Lions Mobilize to Shield Healthcare Workers

When the country went into lockdown due to COVID-19, DG Waldoylson da Silva Miranda’s manufacturing facility, which he owns with his wife, Tatianna Afio, came to a grinding halt. As Miranda hunkered down with the rest of the country to wait out the virus, he watched a steady stream of news coverage reporting a lack of safety equipment for healthcare workers and others on the frontline.

Miranda and his wife, Tatianna, deliver some of the protective equipment to healthcare providers and first-responders.

Then, PDG Roberto Komatsu, a doctor and fellow Lion, asked Miranda if he could print 3D frames for face shields at his facility. Miranda found that it took three hours to print a single ring on regular 3D printers. Miranda realized they could do better and decided to develop a manufacturing system at his facility that would enable them to produce 2,800 full face shields per day. “Our factory was paralyzed by the pandemic,” says Miranda, “So I decided to use our equipment, space, and few employees to start production.”

He secured partners to help him build additional tools and cut acetate plates that fit in the frames to compose the face shield.

When he realized this was a way Lions could help, he put together a team and made a plan to mobilize his district.

Healthcare workers display their Lions face shields.

Lions Tatianna Afio Miranda (Miranda’s wife), Antonio Helio de Freitas e Silva, and Luiz Henrique Zein joined forces to put together the marketing campaign. They made a video explaining that many doctors and nurses were dying. “If we need to be hospitalized, who will take care of us?” they asked. The project was called “Face Shields Save Lives.”

Donations poured in. The team opened a bank account and applied for and received a grant of US$10,000 from LCIF.

Lion Claudio Rego provided cut acetate for the visors, and Lion Robson Perez Sacco donated 24,000 Lions-branded stickers for the face shields.

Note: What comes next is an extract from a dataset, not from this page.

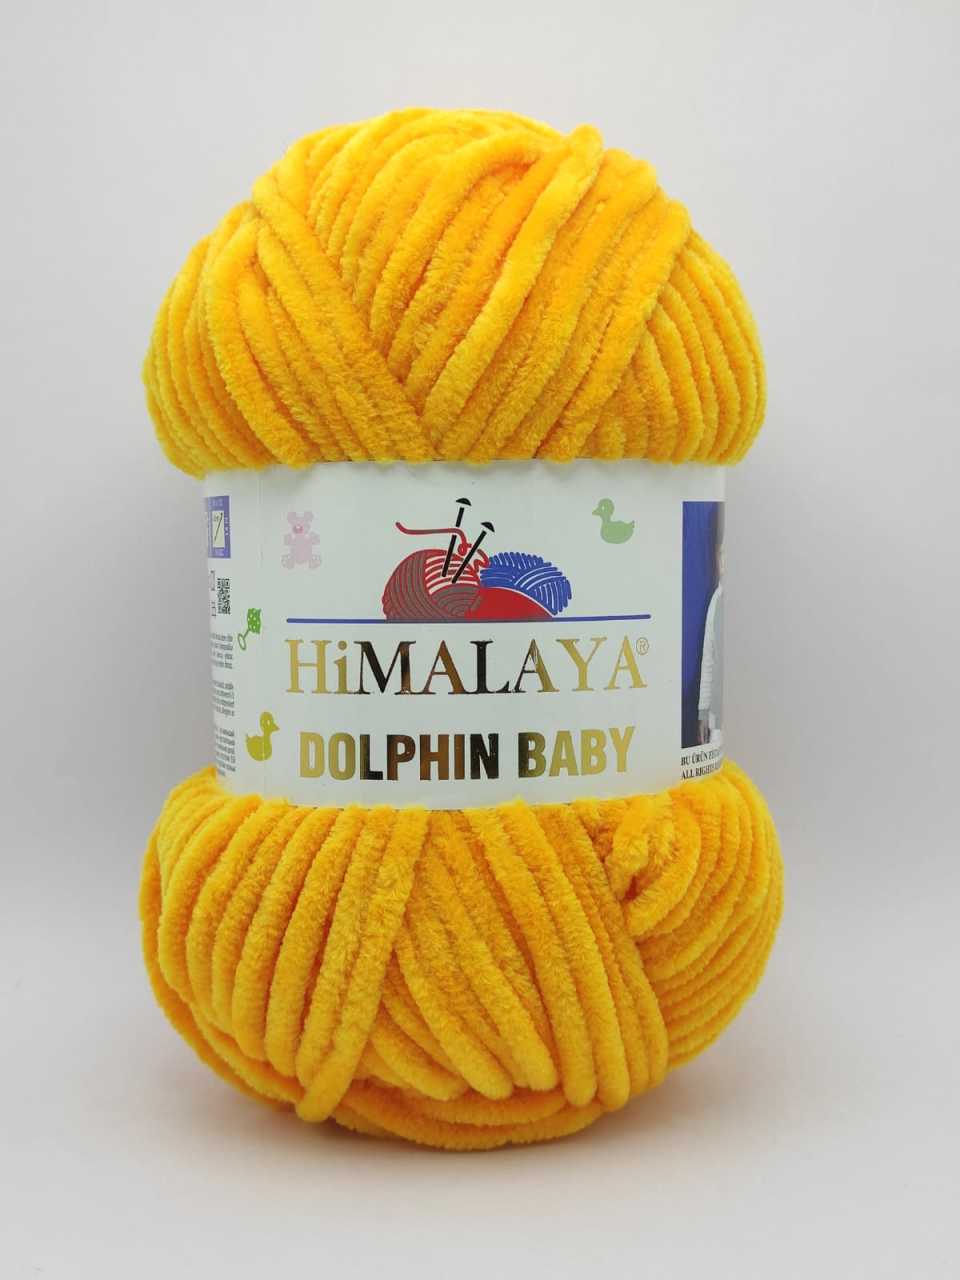 Himalaya Dolphin Baby 80368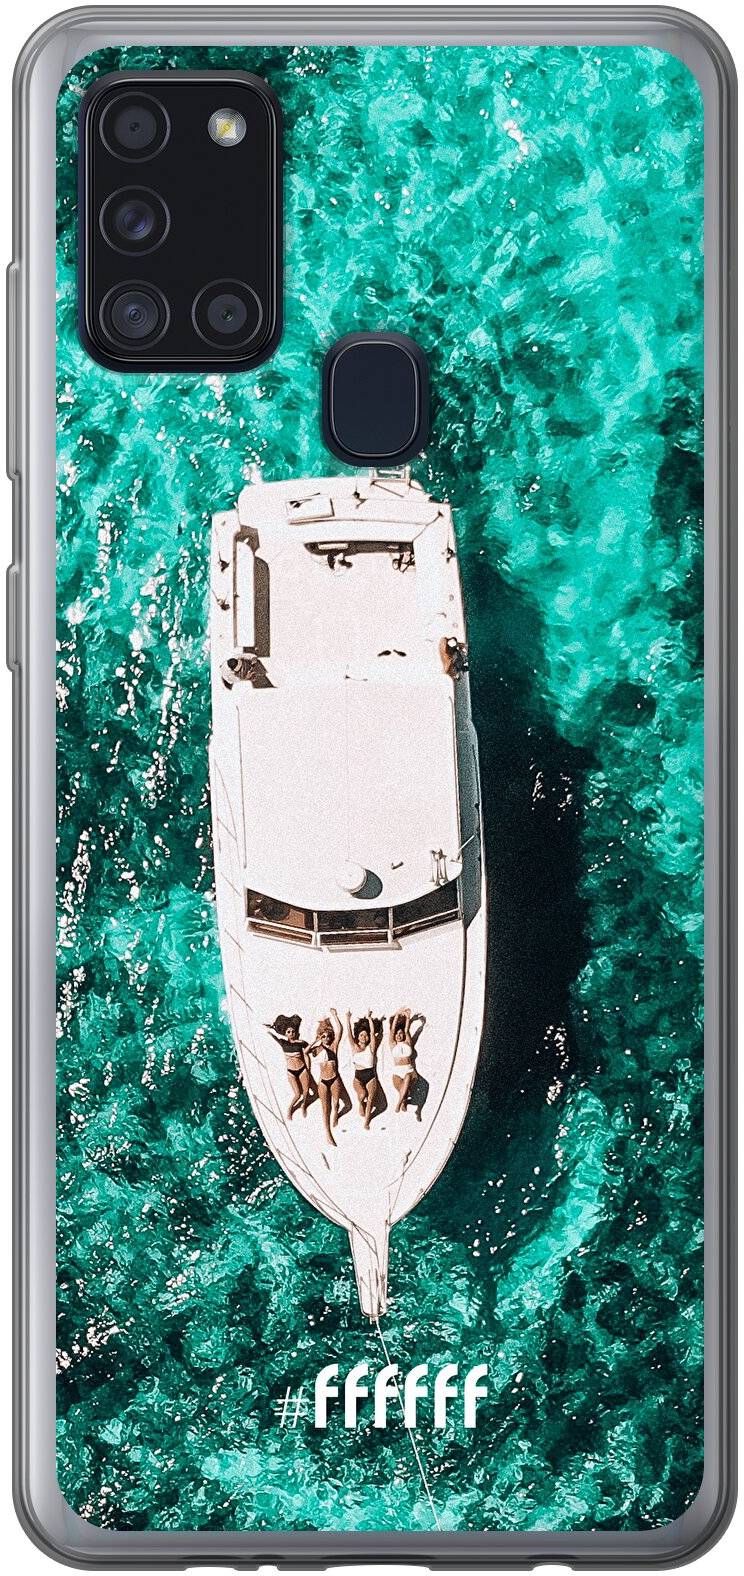 Yacht Life Galaxy A21s

Their goal was to make and donate 50,000 face shields to help protect workers fighting COVID-19.

of São Paulo emergency response team stands proudly with their Lions face shields.
As of mid-May Lions had made and distributed more than 67,000 face shields to 65 hospitals, 39 health centers, 38 senior care facilities, and the city of São Paulo emergency response team (SAMU).

“The whole district cooperated,” says Miranda. He and his team made the face shields available to other districts as well. “This disease has no borders,” he says. “And neither do Lions.”

Clubs identified the needs of the hospitals in their areas, and the factory responded according to need. Clubs made the deliveries themselves, which led to a response from the local media. The project got coverage from radio stations, newspapers, and a national television program. Soon, orders were coming in from far away.

The clubs share photos on social media of the deliveries, which has helped to further spread news of the project. Now Lions are delivering face shields to senior facilities, emergency response teams, and neighborhood health centers. All the while, they take careful measures to follow all safety precautions to ensure everyone serves safely.

Man stands at machine making Lion face shields
João Carlos Ribeira, one of Miranda’s employees, works on the production of face shields in the facility he’s updated to focus strictly on making the protective equipment at 5 percent of current market cost.

Because the project has become so big, it’s helped to increase awareness about Lions in Brazil. “It automatically aroused curiosity in many people who did not know about the Lions movement,” says Miranda. “This is giving us the opportunity to establish relationships and bring in new members.”

With the cooperation of other districts, the team has upped their goal to 80,000 face shields, and Miranda’s facility now operates two molds, producing 3,600 pieces per day with capacity for more.

“The pandemic and its economic impact have created the type of situation that could lead to member loss,” says Miranda. “Providing meaningful service and a sense of group is a way to prevent that.”